The qqplot indicates that the the bootstrapped sampling distribution has a right skew.
SRS_calls <- c(104,102,35,211,56,325,67,9,179,59)
bootstrapCI1 <- function(data, nsim){
n <- length(data)
bootCI <- c()
for(i in 1:nsim){
bootSamp <- sample(1:n, n, replace=TRUE)
thisXbar <- mean(data[bootSamp])
bootCI <- c(bootCI, thisXbar)
}
return(bootCI)
}
SRS_callsBootCI <- bootstrapCI1(SRS_calls, nsim=1000)
hist(SRS_callsBootCI)
qqnorm(SRS_callsBootCI)
It is similarly close to normal and has the same right skew.
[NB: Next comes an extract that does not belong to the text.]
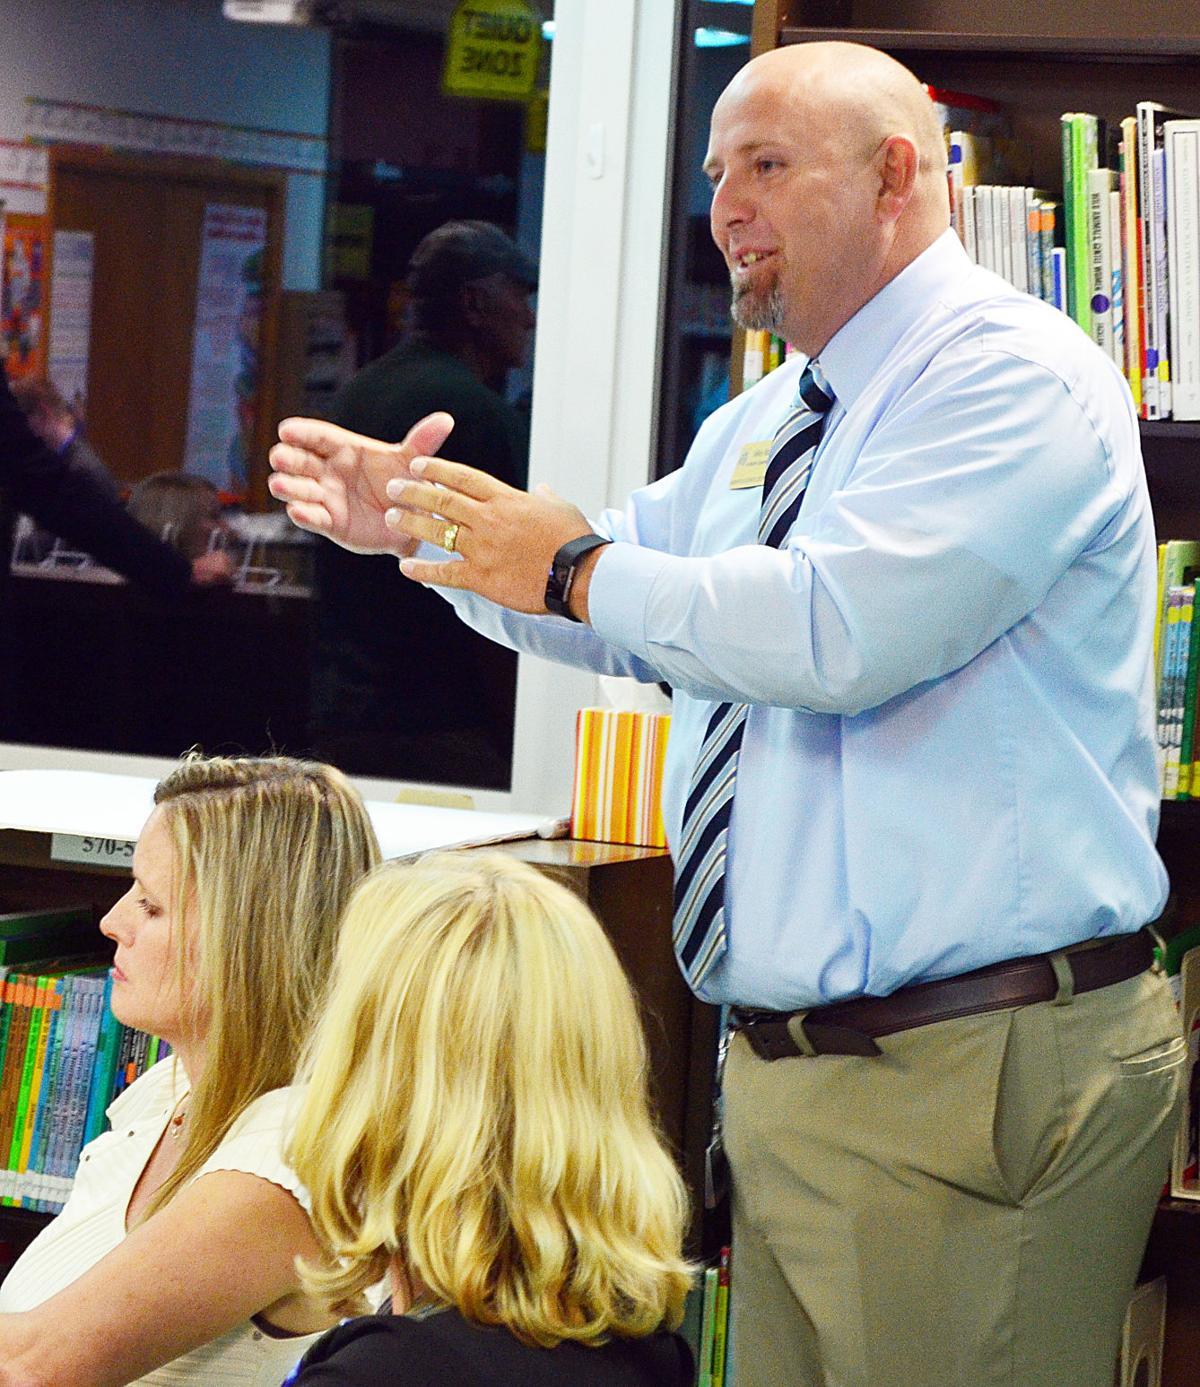 Assistant Superintendent Speaks

std.er_callsBoot <- sd(callsBootCI)/sqrt(80)
std.er_callsBoot
## [1] 4.16038
std.er_SRScallsBoot <- sd(SRS_callsBootCI)/sqrt(10)
std.er_SRScallsBoot
## [1] 8.85995
It is larger for the smaller SRS because it has a smaller sample size. Since each sample mean is derived from a smaller number of individual values, there will be more variation among boostrapped sample means. Standard error is calculated by dividing the sd of a sample by the square root of the sample size. A small sample size makes the denominator smaller which makes the output bigger.
setwd("H:/MATH239")
nspines <- read.csv("nspines.csv", header = TRUE)
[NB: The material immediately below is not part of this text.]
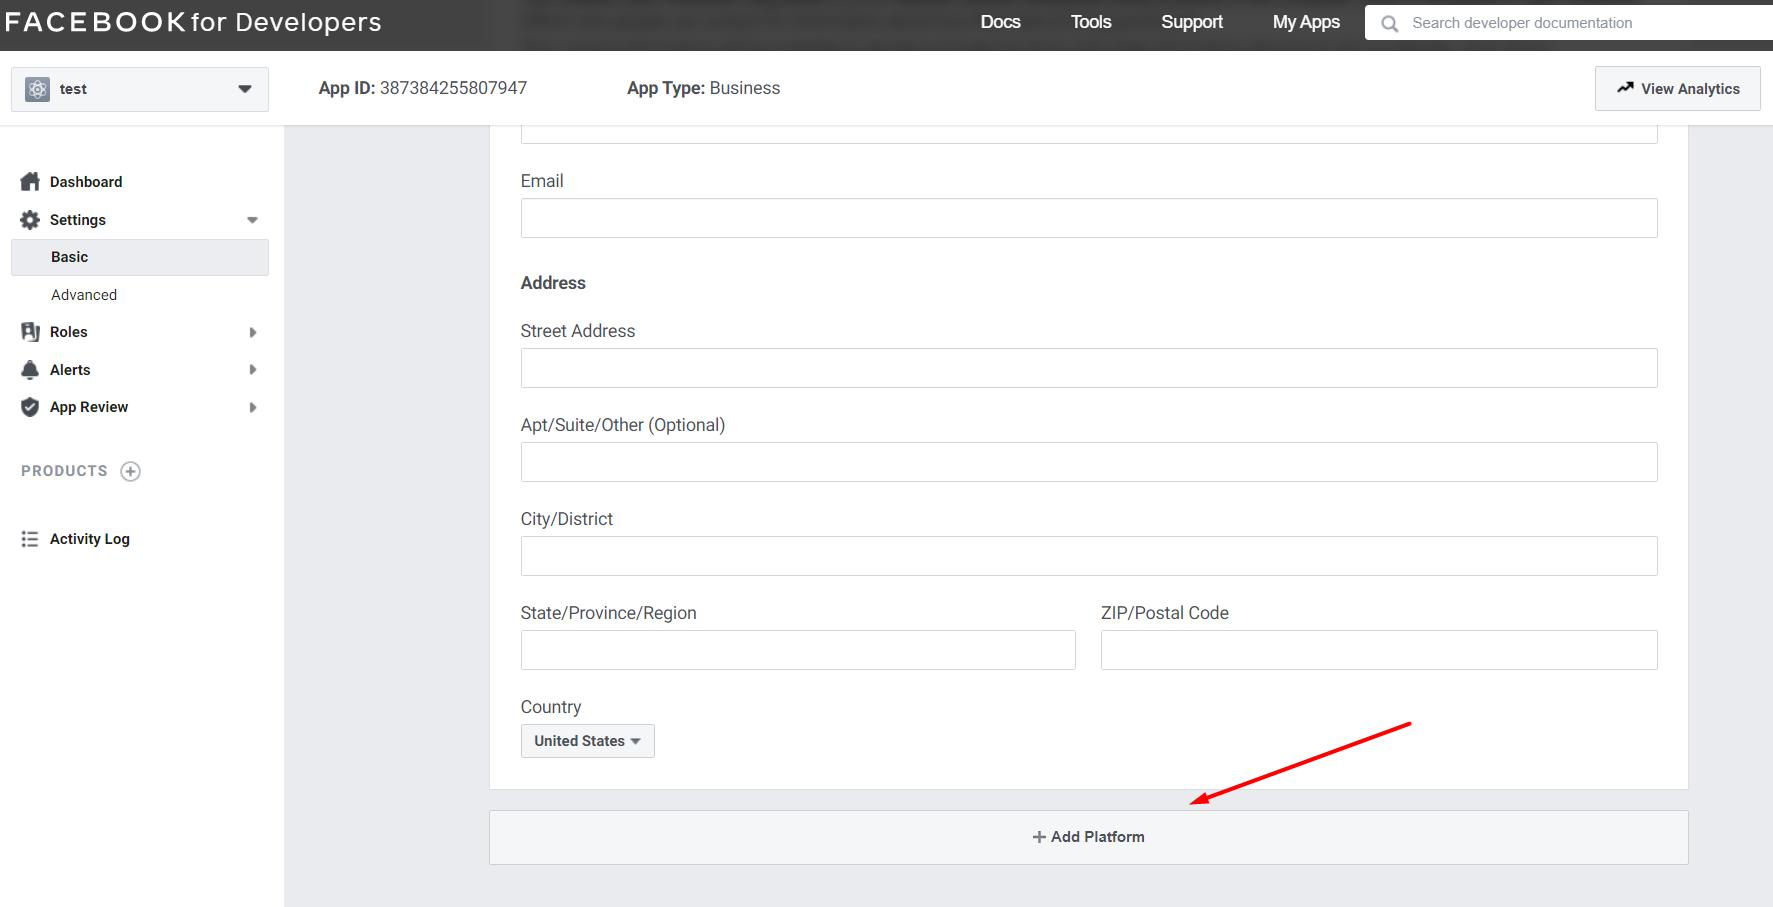 Facebook - How to add platform

boxplot(nspines$dbh ~ nspines$ns, xlab = "Region", ylab = "DBH")
It appears that the northern region is heavily skewed to the right, whereas the southern region is heavily skewed to the left. Each group has a sample size of 30 which is the bare minimum to employ the central limit theorem. However, given the sample size being barely large enough, and the heavy skew of both groups, it would be much better to use bootstrapping.
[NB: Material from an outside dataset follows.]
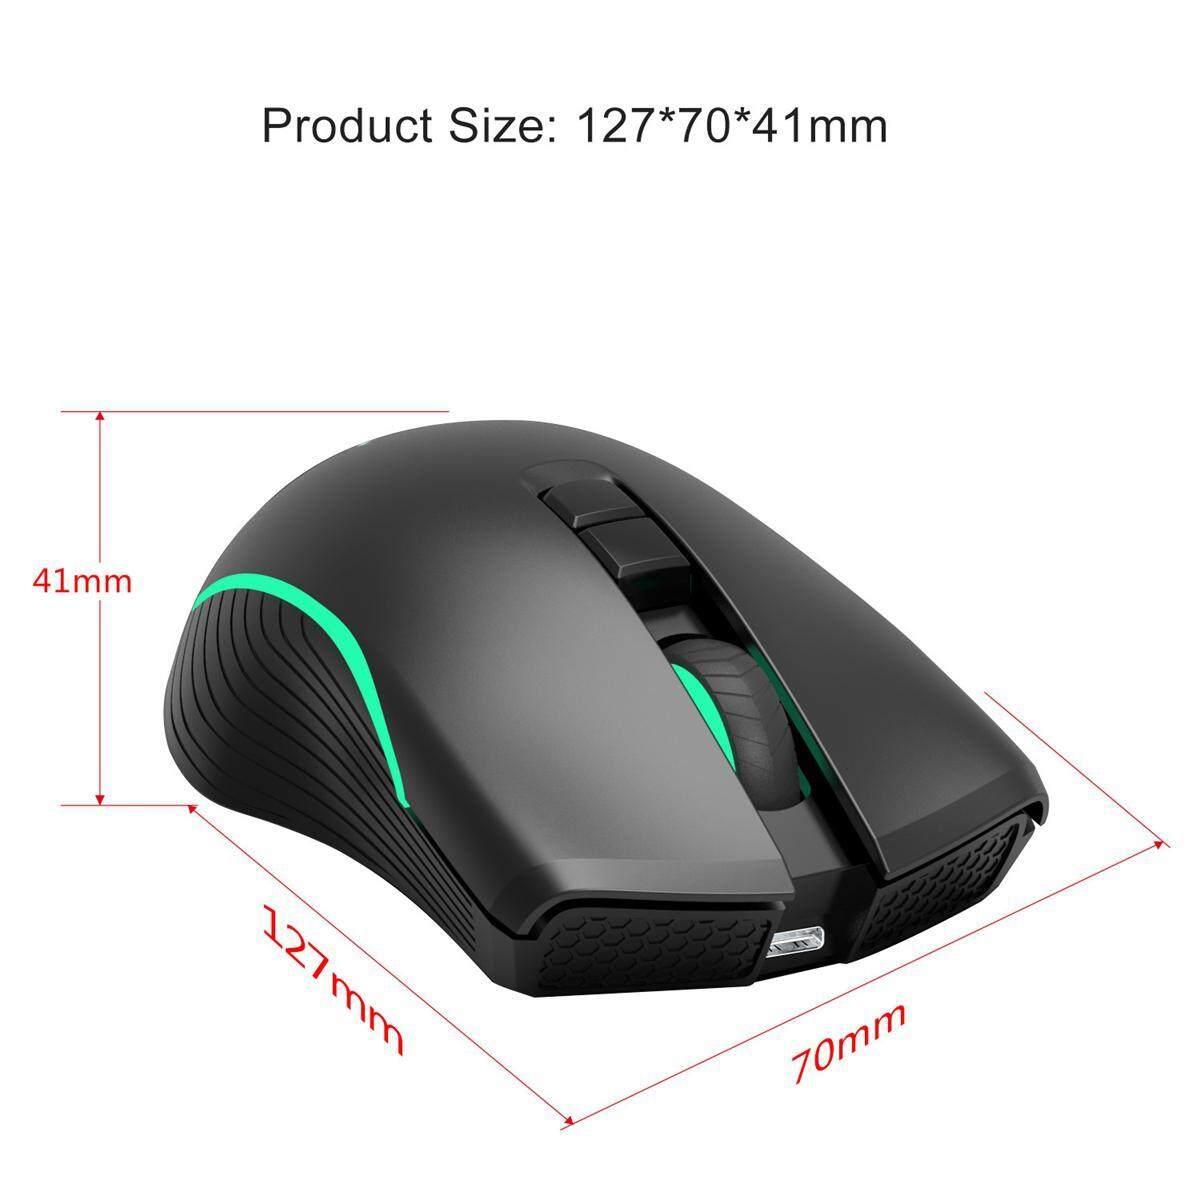 Aolvo 2.4 GHz USB Pengisian Nirkabel Optik Mouse Gaming Tikus 2400DP untuk Desktop Laptop PC Colorful ...

nspines_north <- nspines[1:30,]
nspines_south <- nspines[31:60,]
north_mean <- mean(nspines_north$dbh)
south_mean <- mean(nspines_south$dbh)
north_mean - south_mean
## [1] -10.83333
bootstrapCI2 <- function(data1, data2, nsim){
n1 <- length(data1)
n2 <- length(data2)
bootCI2 <- c()
for(i in 1:nsim){
bootSamp1 <- sample(1:n1, n1, replace=TRUE)
bootSamp2 <- sample(1:n2, n2, replace=TRUE)
thisXbar <- mean(data1[bootSamp1])-mean(data2[bootSamp2])
bootCI2 <- c(bootCI2, thisXbar)
}
return(bootCI2)
}
nspinesBootCI2 <- bootstrapCI2(nspines_north$dbh, nspines_south$dbh, nsim=10000)
hist(nspinesBootCI2)
quantile(nspinesBootCI2, c(.025, .975))
## 2.5% 97.5%
## -18.736833 -2.916667
se <- sd(nspinesBootCI2)
mean(north_mean)-mean(south_mean)+c(-1,1)*qt(.975, df=58)*se
## [1] -19.038557 -2.628109
north_mean - south_mean # test statistic
## [1] -10.83333
mean(nspinesBootCI2) # CI mean
## [1] -10.86894
qqnorm(nspinesBootCI2)
Since the test statistic is close to the bootstrap mean (which indicates low bias) and the bootstrap distribution is approximately normal, the hybrid method should be reliable.
t.test(nspines_north$dbh, nspines_south$dbh)
##
## Welch Two Sample t-test
##
## data: nspines_north$dbh and nspines_south$dbh
## t = -2.6286, df = 55.725, p-value = 0.01106
## alternative hypothesis: true difference in means is not equal to 0
## 95 percent confidence interval:
## -19.090199 -2.576468
## sample estimates:
## mean of x mean of y
## 23.70000 34.53333
The bootstrap CI is smaller which indicates that it is a more precise interval. Therefore, I would use the bootstrap interval.